INSTRUCTIONS FOR THE TASK: Nothing outside the lines below from the one containing "کفش مخصوص دویدن" through the one containing "2 Piece Linen" is to be printed; print those exactly, ends included, and drop the pictures.

DATA FOR PROCESSING:
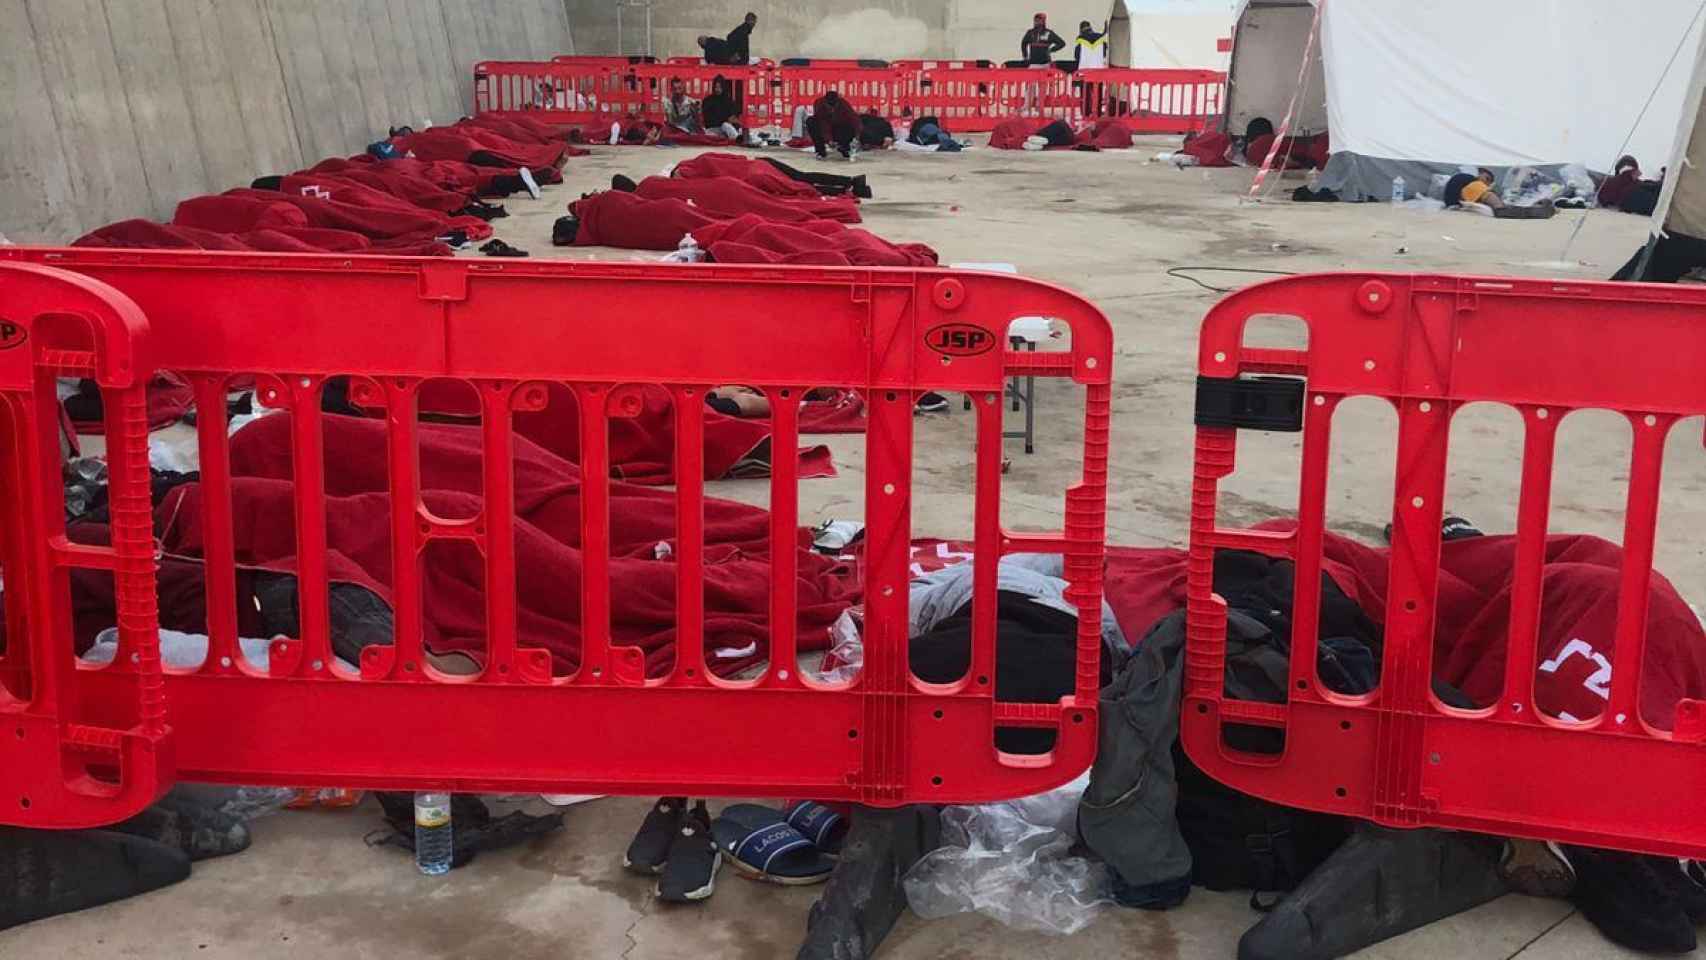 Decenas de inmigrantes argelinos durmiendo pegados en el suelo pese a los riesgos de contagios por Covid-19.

* * *

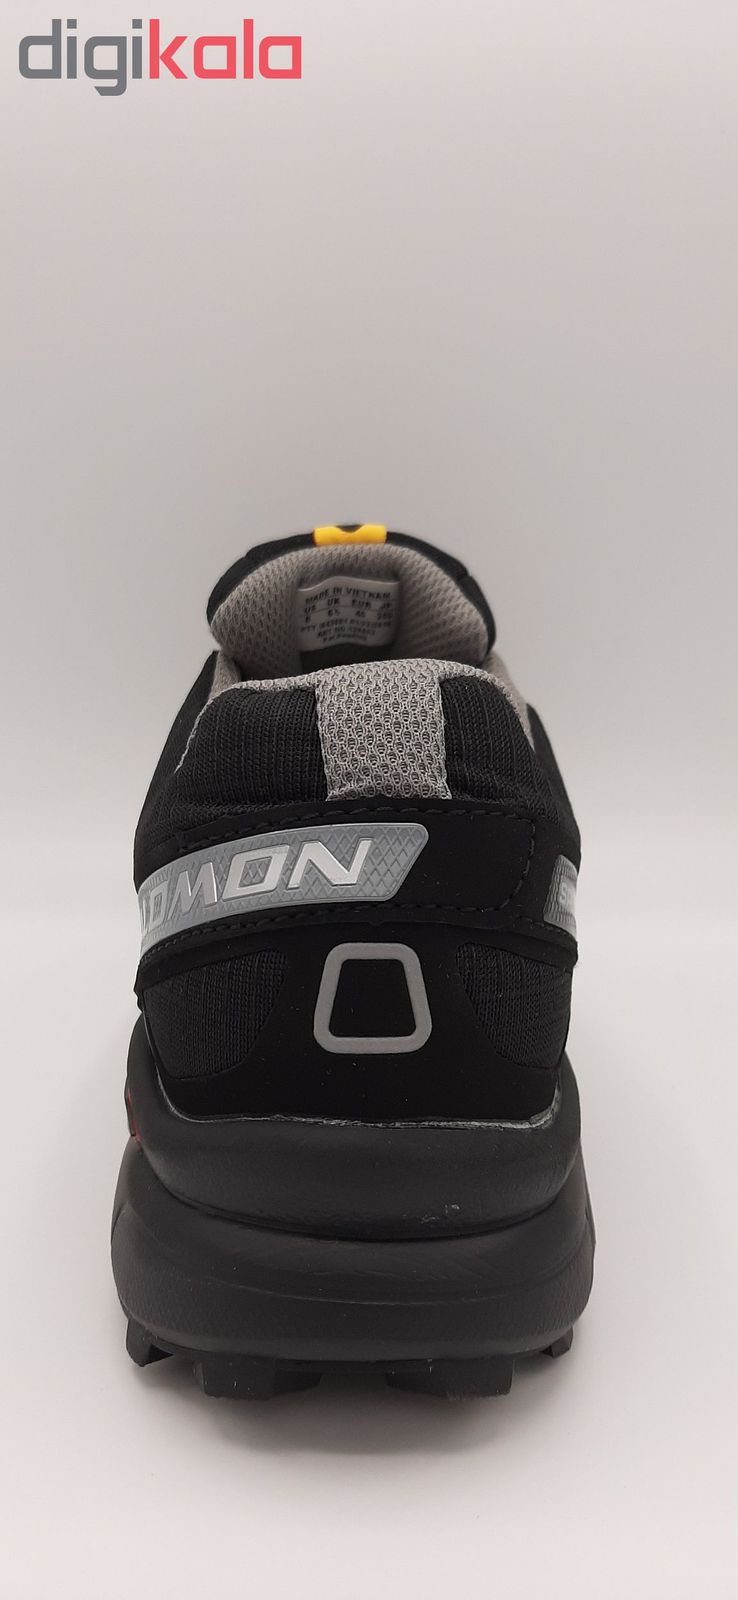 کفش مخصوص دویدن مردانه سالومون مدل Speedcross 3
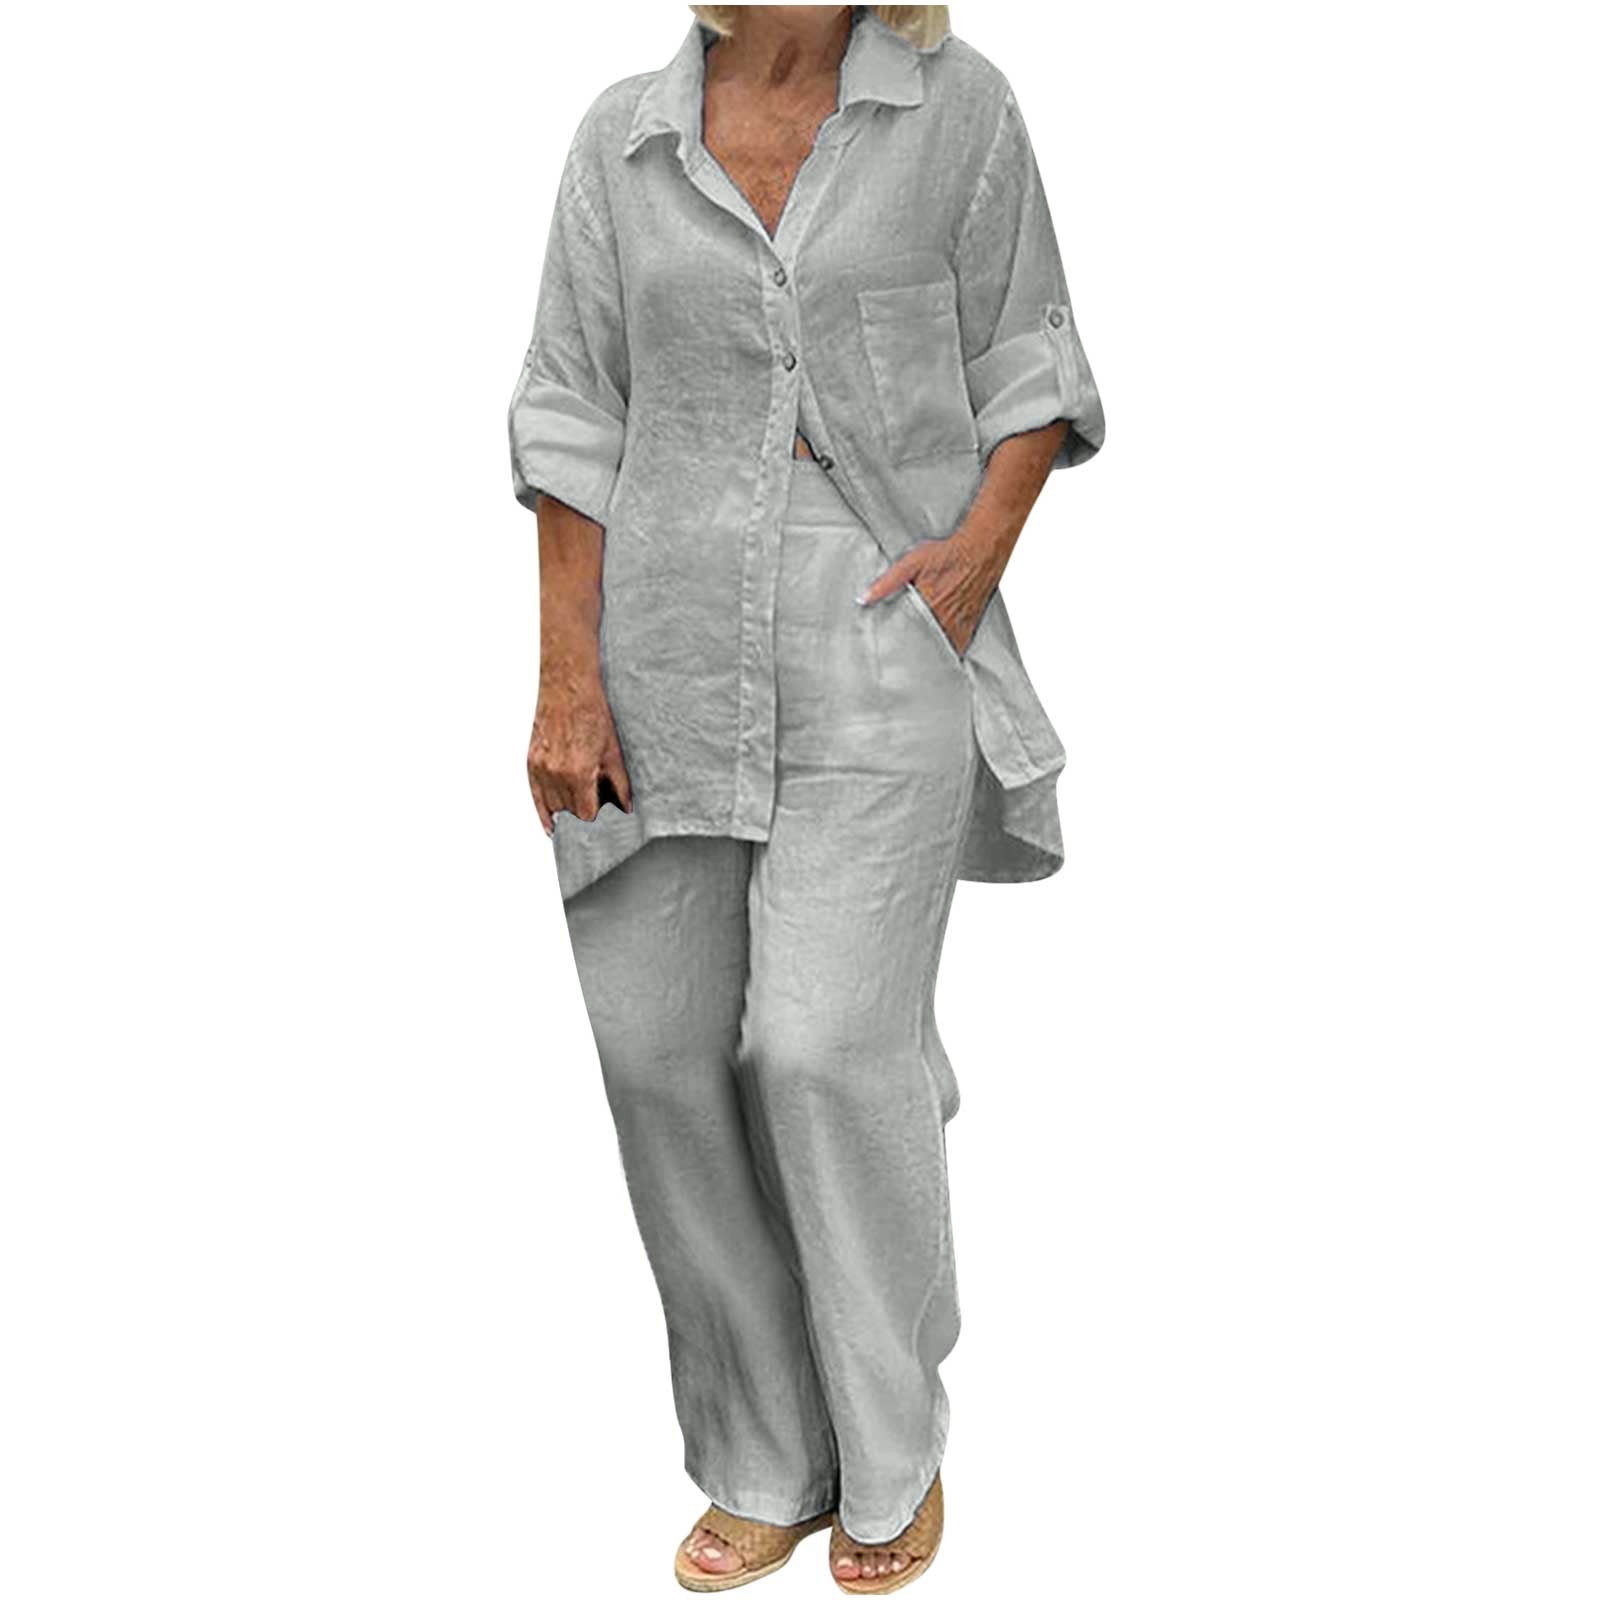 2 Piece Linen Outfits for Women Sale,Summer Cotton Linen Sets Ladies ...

ANSWER FOR THE TASK:
 کفش مخصوص دویدن مردانه سالومون مدل Speedcross 3
 2 Piece Linen Outfits for Women Sale,Summer Cotton Linen Sets Ladies ...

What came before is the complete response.